- **Recorded information**:

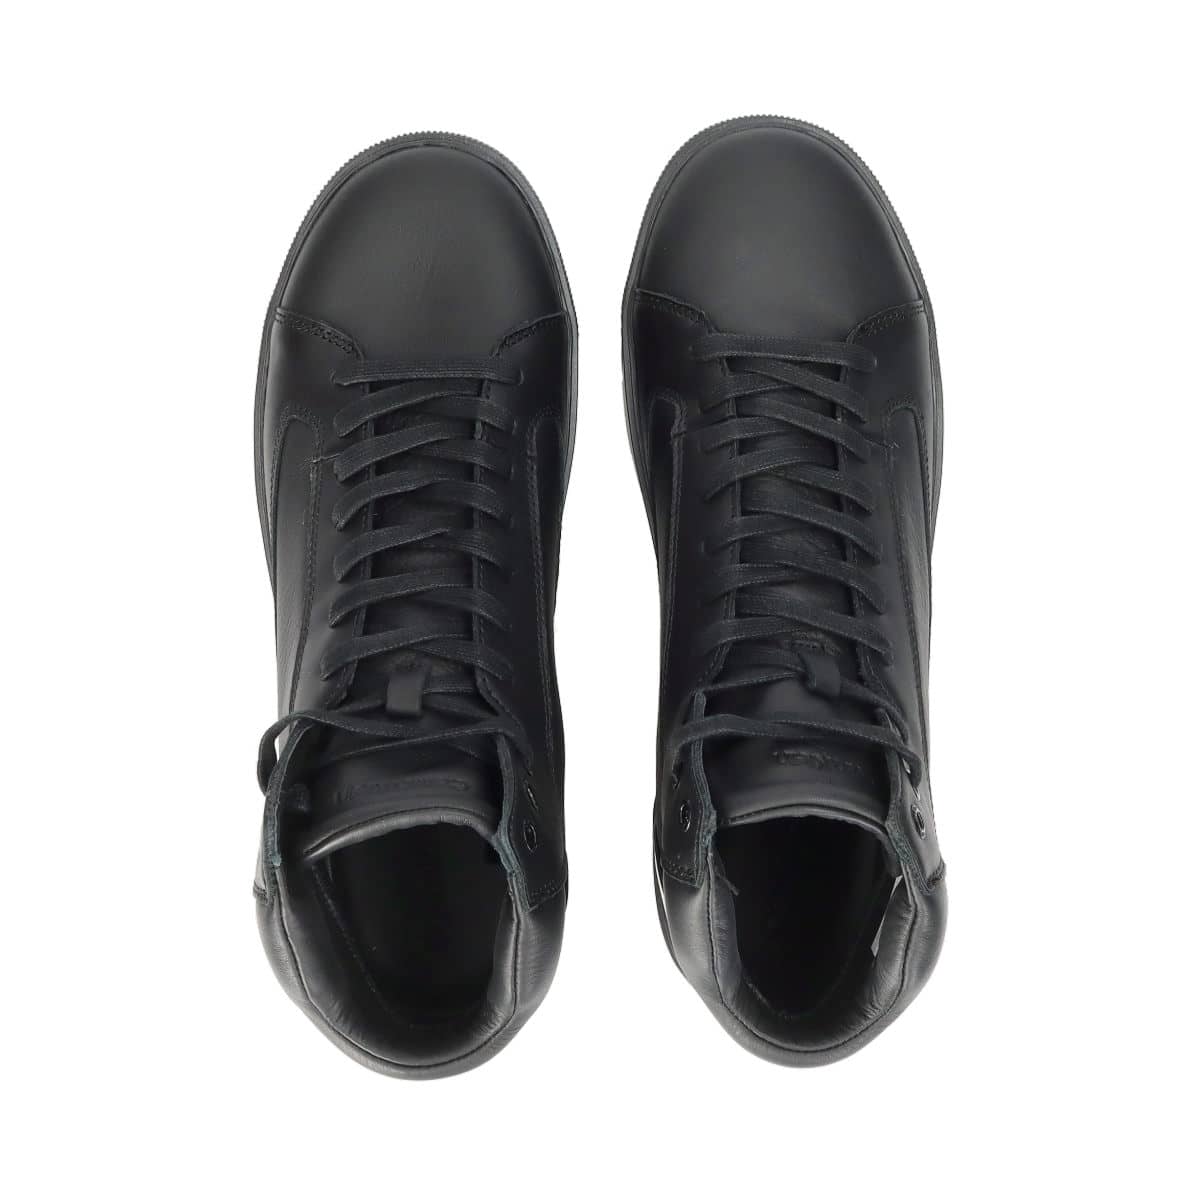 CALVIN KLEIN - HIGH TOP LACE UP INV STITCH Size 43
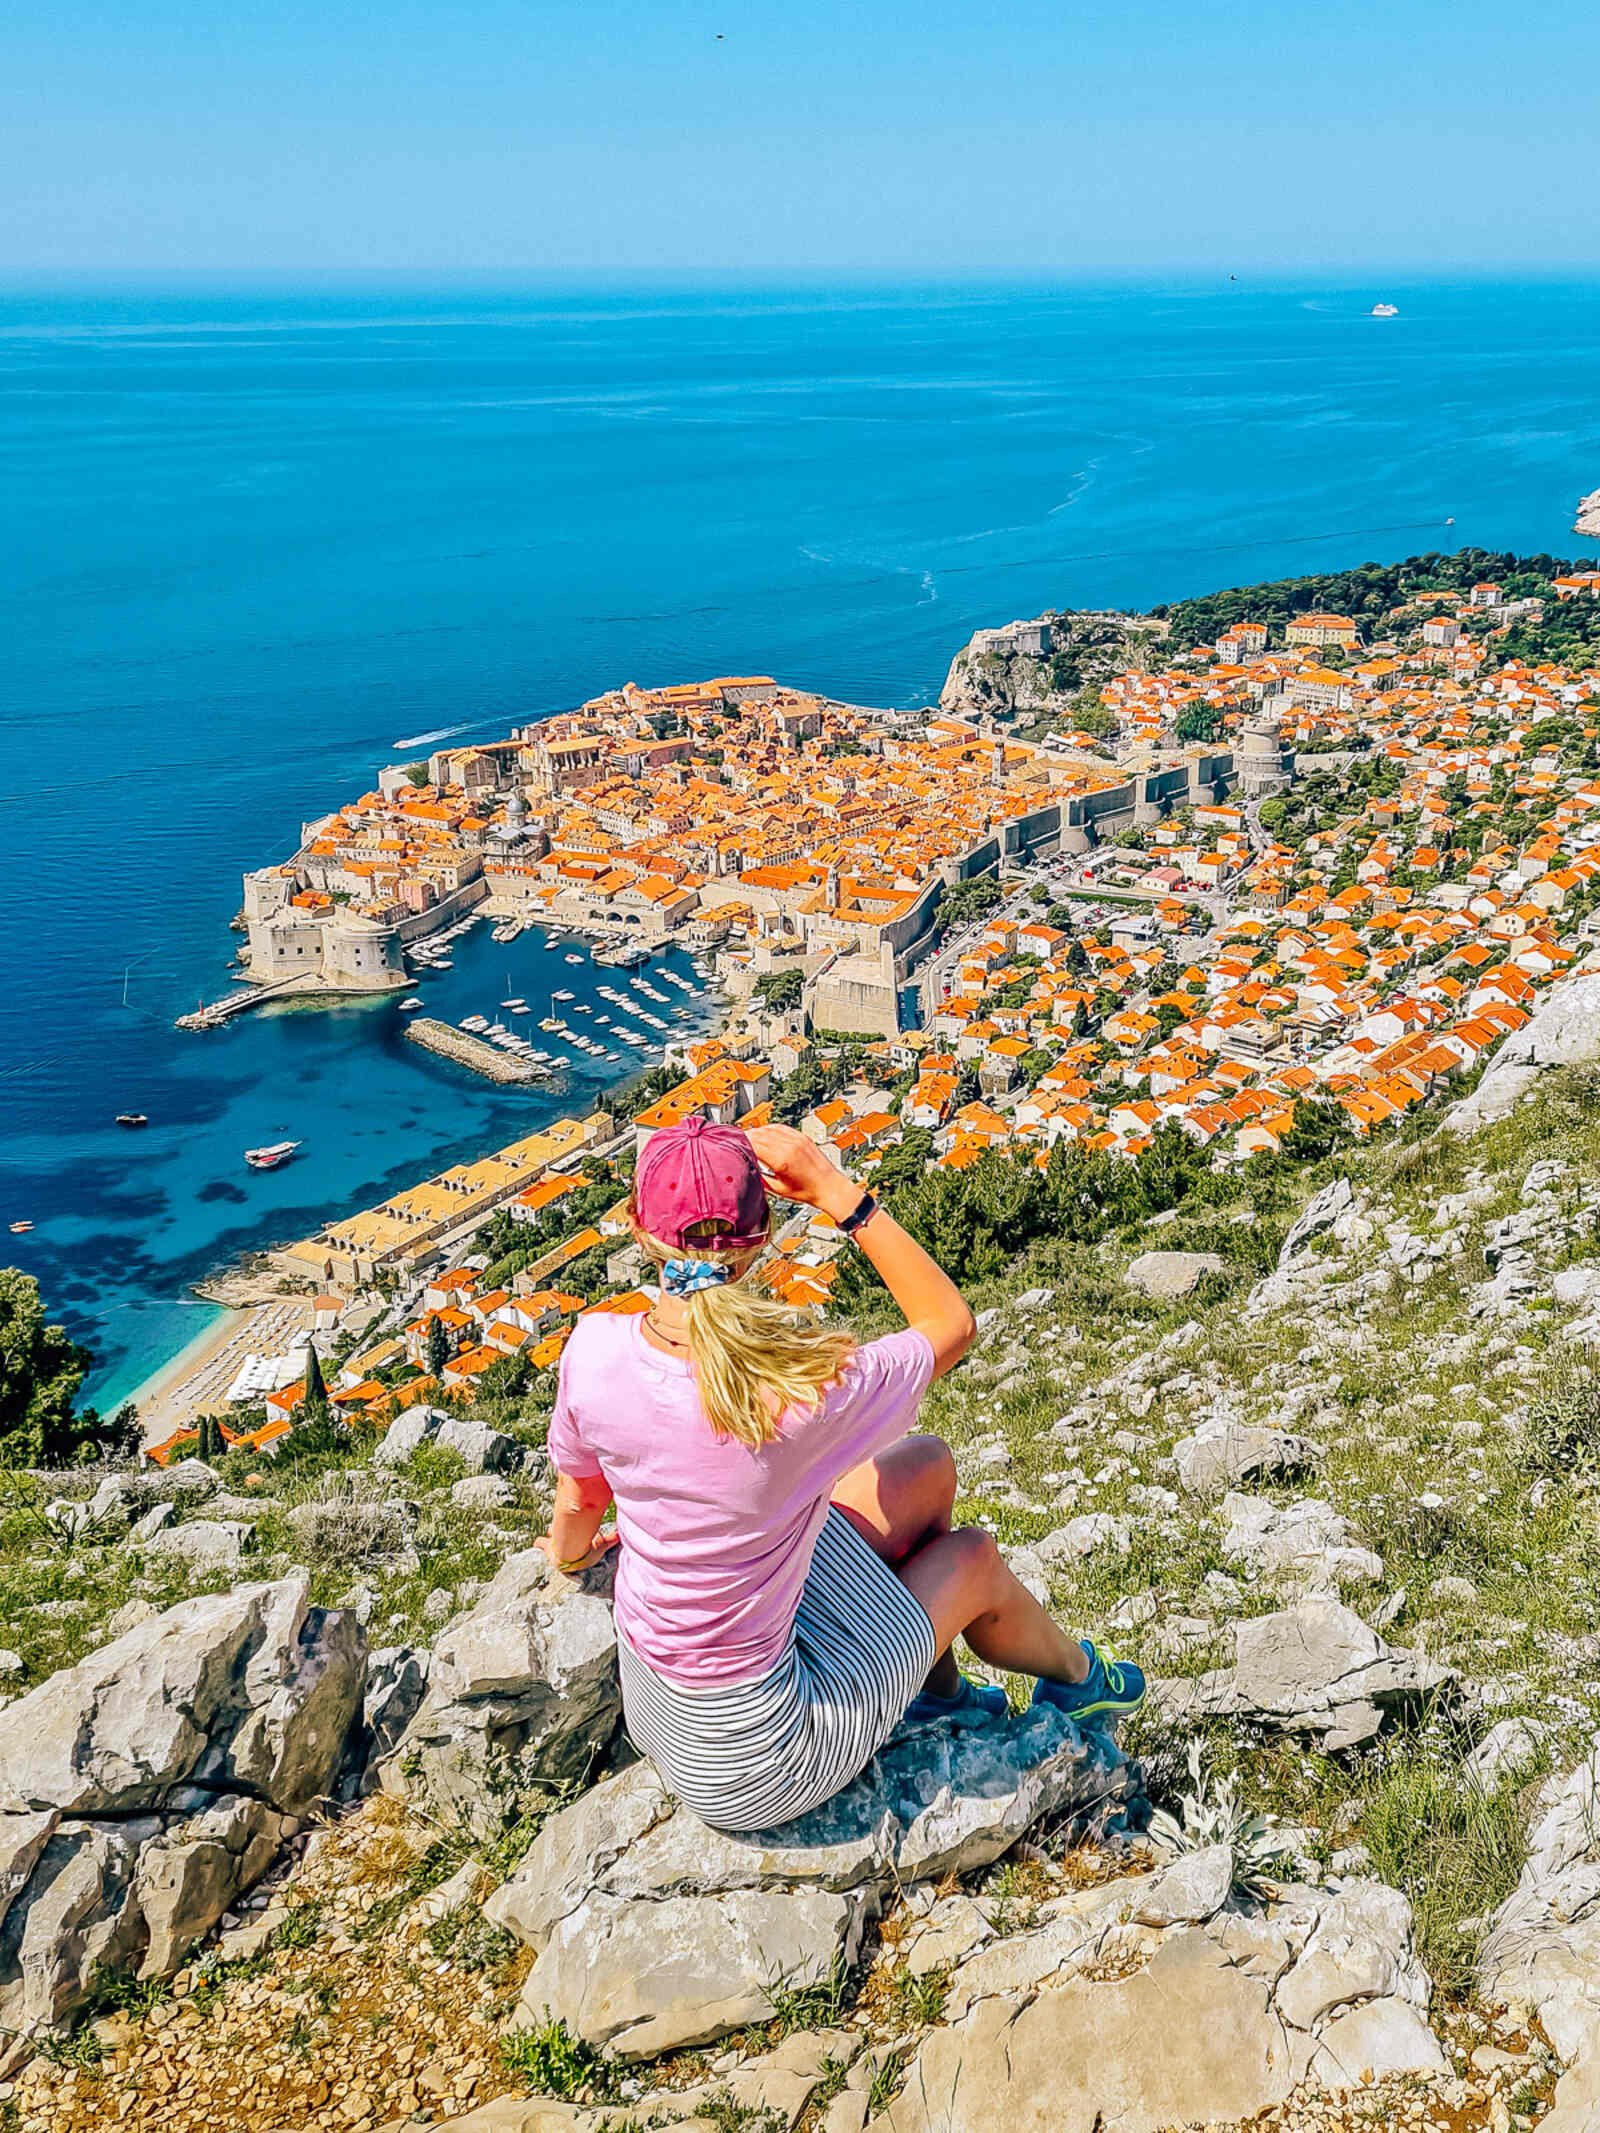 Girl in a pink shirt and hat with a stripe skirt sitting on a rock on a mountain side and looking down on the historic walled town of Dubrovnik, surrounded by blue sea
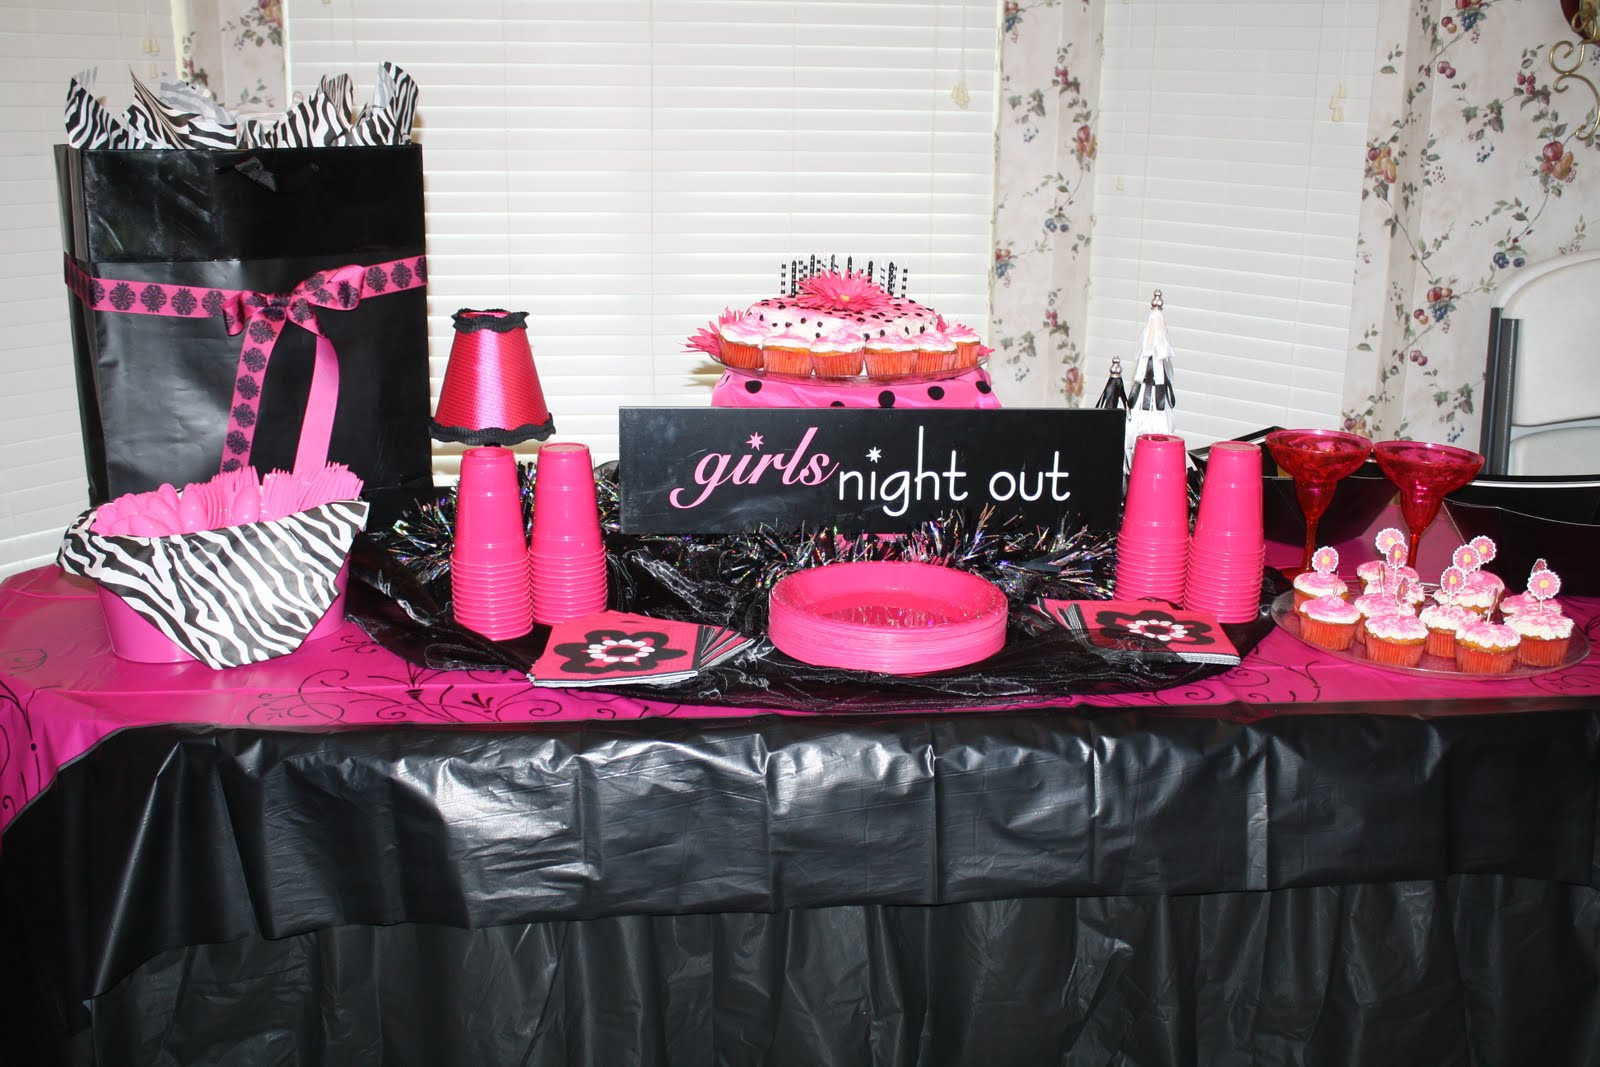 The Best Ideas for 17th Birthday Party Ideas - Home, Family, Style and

- **What the exercise asks**: Omit the pictures, then retype the remaining material without a single change.

- **Solved exercise**:
 CALVIN KLEIN - HIGH TOP LACE UP INV STITCH Size 43
 Girl in a pink shirt and hat with a stripe skirt sitting on a rock on a mountain side and looking down on the historic walled town of Dubrovnik, surrounded by blue sea
 The Best Ideas for 17th Birthday Party Ideas - Home, Family, Style and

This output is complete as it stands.